Among them, the cumulative industrial value added in January-February 2024 was 7% year-on-year, which not only exceeded market expectations, but also improved markedly by 4.6% compared to the cumulative year-on-year ratio in December 2023. However, in terms of prices and profit margins, there is still room for improvement. PPI in February was -2.7% year-on-month, and the decline increased from the previous month and remained the same in December 2023; the operating profit margin of industrial enterprises in January-February was 4.7%, a further significant decline of 1.06 pct from 2023, which means that the price side and profit levels of enterprises still need to be improved. This deviates from the bright performance of the January-February macro data. There is a clear “temperature difference” between the two.

In fact, the bank's two other sets of data: (1) M1 was 1.2% year over year in February. After the January jump, it turned back and continued to be at an all-time low, and after excluding the impact of the M0 (12.5% growth rate) Spring Festival effect, the year-on-year growth rate of corporate demand deposits has dropped to -1%. It has only occurred 5 times in the past ten years, including: 2014, 2019, 2020, 2022, and this year, which means that the M1 growth rate in March will likely drop further to close to the 0 axis or even negative values. Considering that M1 is about 3-6 months ahead of PPI, the company's actual financing costs may continue to rise passively, and the actual return on the enterprise may decline further. (2) In February, the nominal inventory ratio of industrial enterprises was 2.4%. It was recovered for two consecutive months, and its bottoming characteristics became more obvious. However, considering that PPI momentum is still insufficient and actual inventory is still high (5.1% in February), the reversal of the inventory cycle has not yet arrived.

Continuing to maintain the quarterly domestic market, there are still potential risks in the following three areas: 1) the pressure on real estate companies to “take the initiative to remove warehouses” continues to rise; 2) the slowing pressure on overseas economies is increasing, or increasing the risk of a decline in domestic exports; 3) increasing domestic deflationary pressure, etc. In fact, the latest data shows a further decline in real estate sentiment. In January-February, real estate sales area and sales volume both declined markedly from previous values, at -20.5% and -29.3%, respectively, and commencement, construction, and completion also generally declined.

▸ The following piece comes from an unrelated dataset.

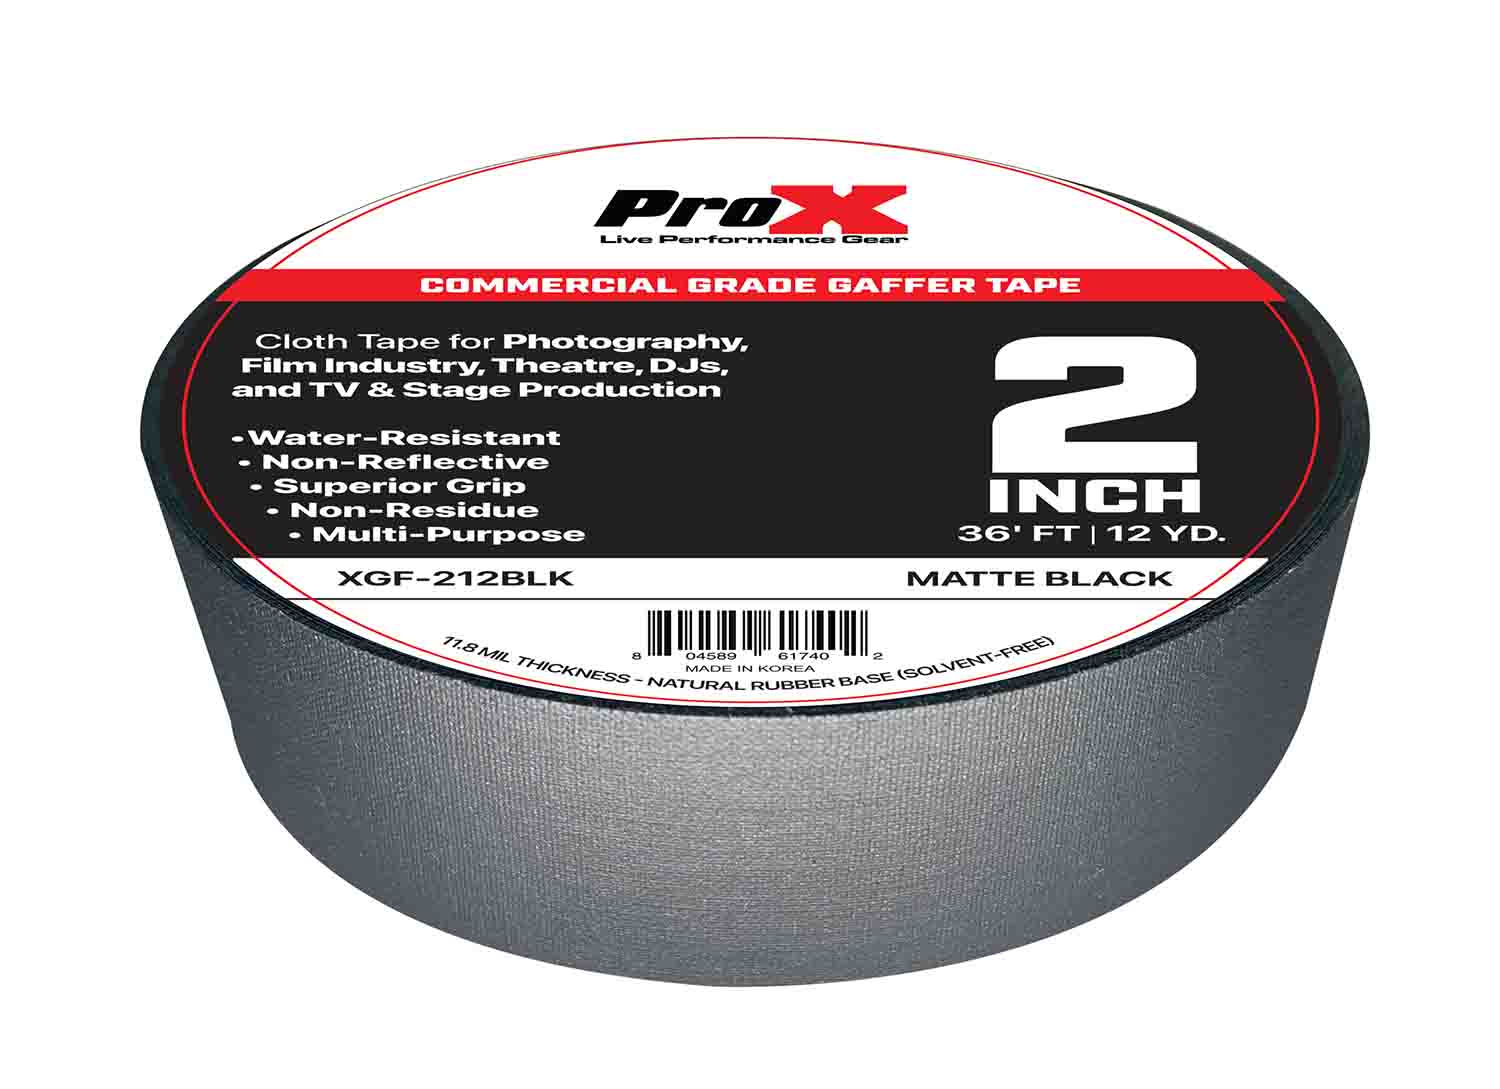 ProX XGF-212BLK, 2 Inch 12YD Matte Black Commercial Grade Gaffer Tape Pros Choice Non-Residue - 36FT - Hollywood DJ
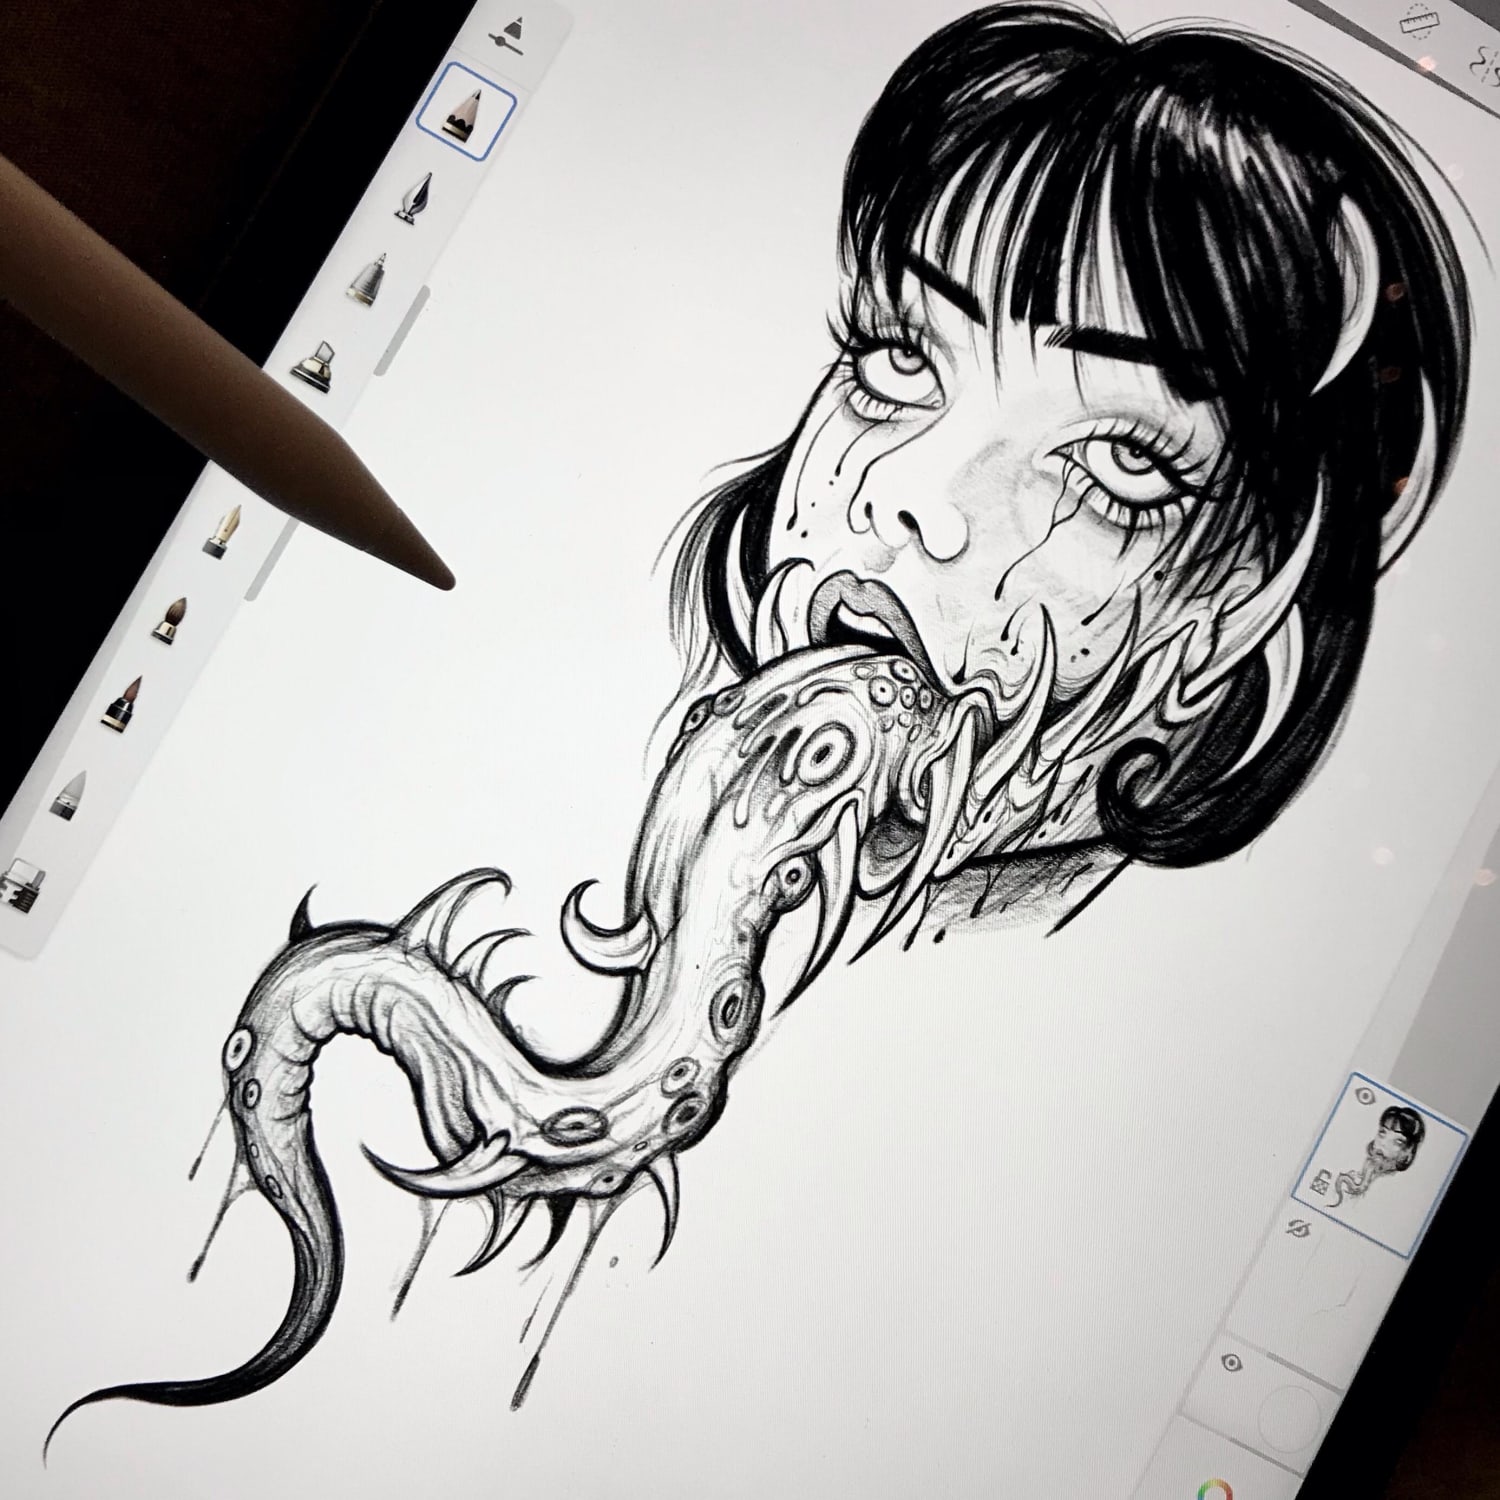 Sketch of a woman with a monster tongue on iPad,what we think?

In summary, the bank maintains the judgment of the previous period: although the current risks have not been clearly exposed, the “cost performance” of investment returns is gradually being reduced. It is expected that the upward momentum of A-shares in April will probably weaken, market volatility may rise, and gradually switch to value defense; wait for the March economic data. Once potential risks are clearly exposed, it will enter full defense. At that time, expectations for a new round of downgrades and interest rate cuts in the second quarter will further heat up.

April industry configuration: gradually shifting from “small to medium market growth attack” to “large market value defense”

The bank's proposed allocation gradually shifts from a “growth attack” to a “value defense”: first, colorful, especially gold, benefiting from US interest rate cuts expected in the second quarter; second, pharmaceuticals, including traditional Chinese medicine, pharmaceutical commerce, and innovative drugs, benefiting from weak economic cycles and increased sensitivity to declining interest rates on US bonds; third, the pig cycle, benefiting from a sharp decline in sales and stocks, and the logic of price increases under supply contraction; four is high interest rates on less price-sensitive businesses, including: state-owned banks, utilities, communications, construction, and decoration. transportation, etc.